=== COLLECTED MATERIAL ===
▼
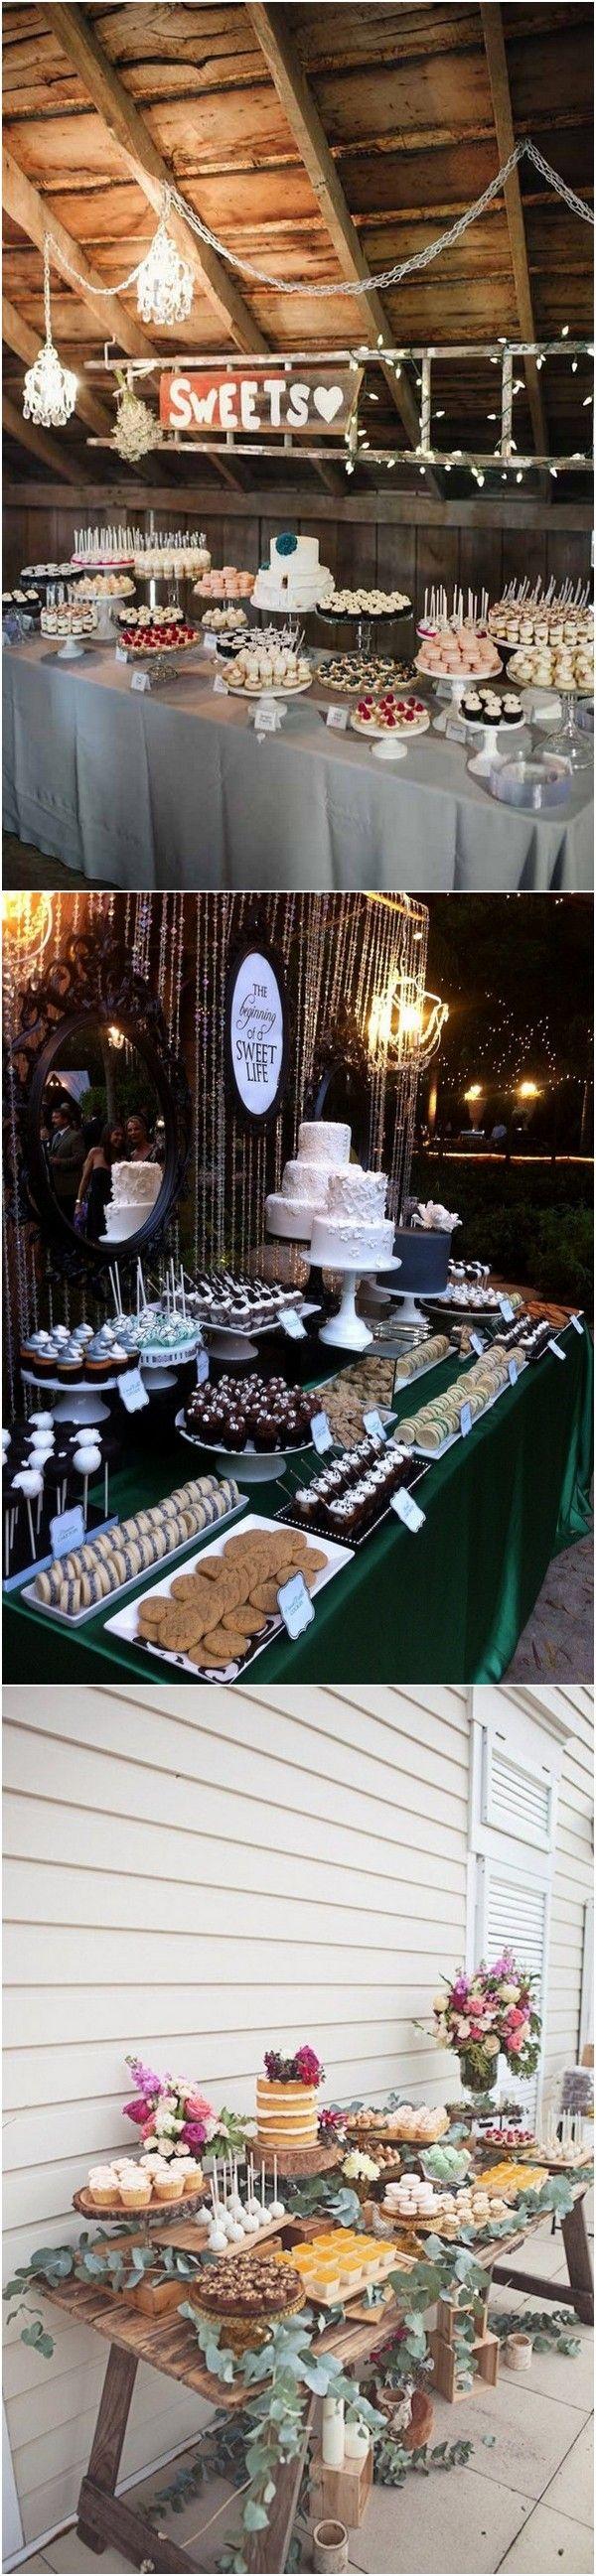 Barn wedding table settings   Country Rustic Wedding Dessert Table Ideas  Rustic wedding
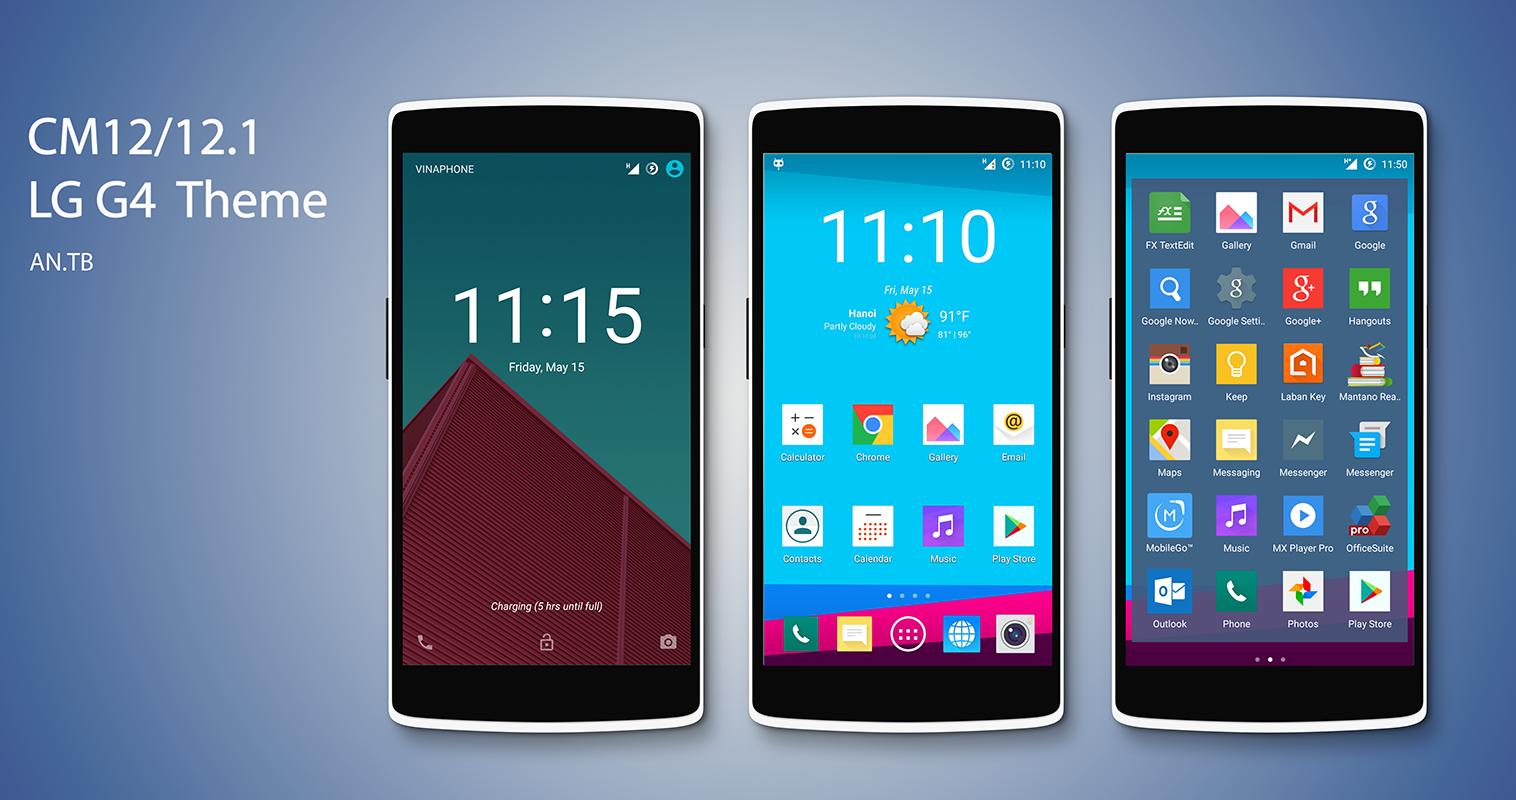 CM12/12.1 LG G4 Theme - screenshot
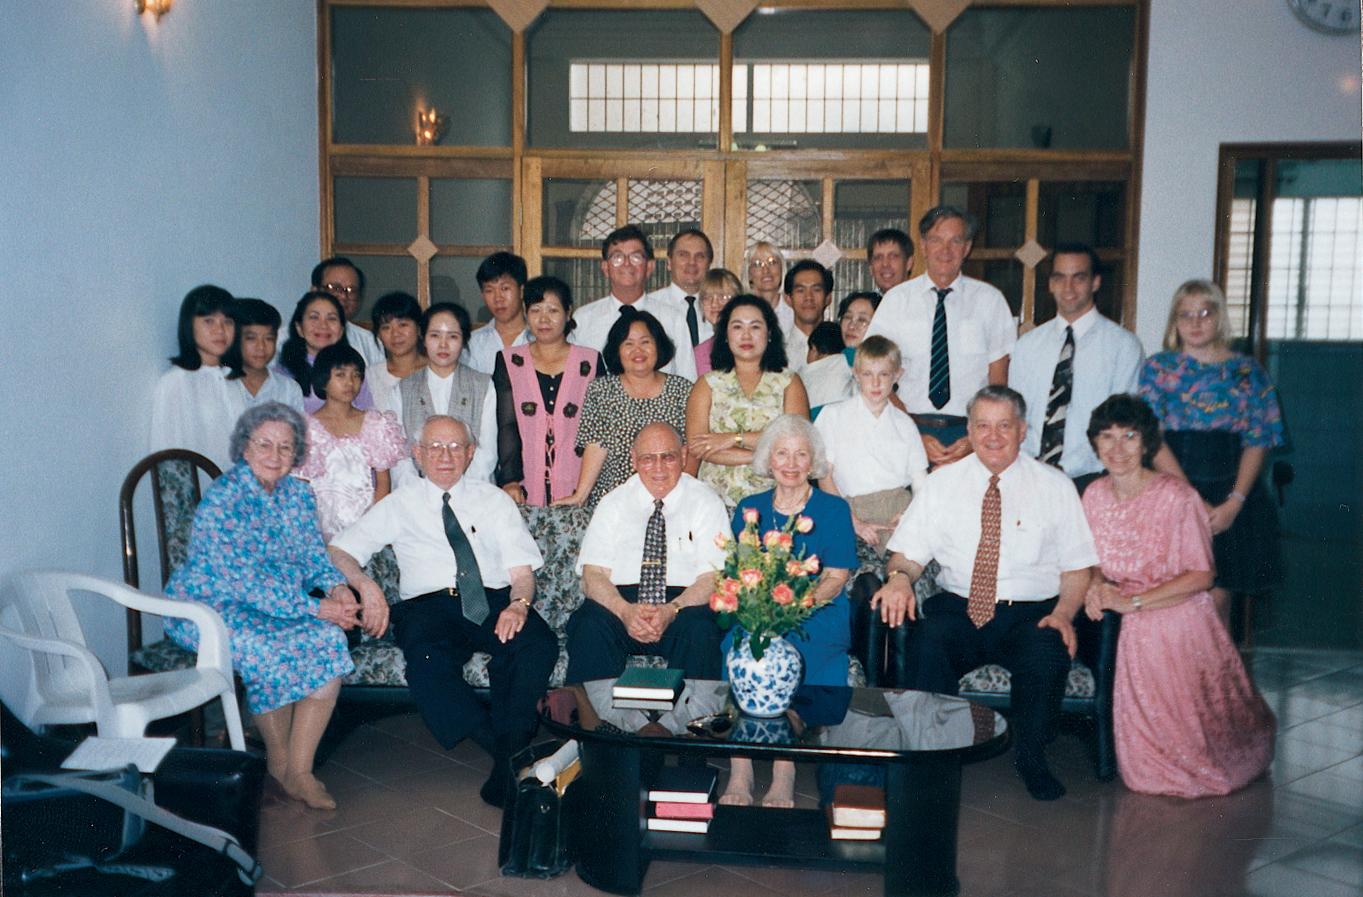 President Gordon B. Hinckley and his wife, Sister Marjorie Pay Hinckley, visit Vietnam in 1996.
▲
=== TASK DETAILS ===
Leaving the pictures aside, write out only the lines from the one containing "CM12/12.1 LG G4 Theme - screenshot" through the end of the material, exactly as they stand.

=== SOLUTION FOR THIS EXERCISE ===
 CM12/12.1 LG G4 Theme - screenshot
 President Gordon B. Hinckley and his wife, Sister Marjorie Pay Hinckley, visit Vietnam in 1996.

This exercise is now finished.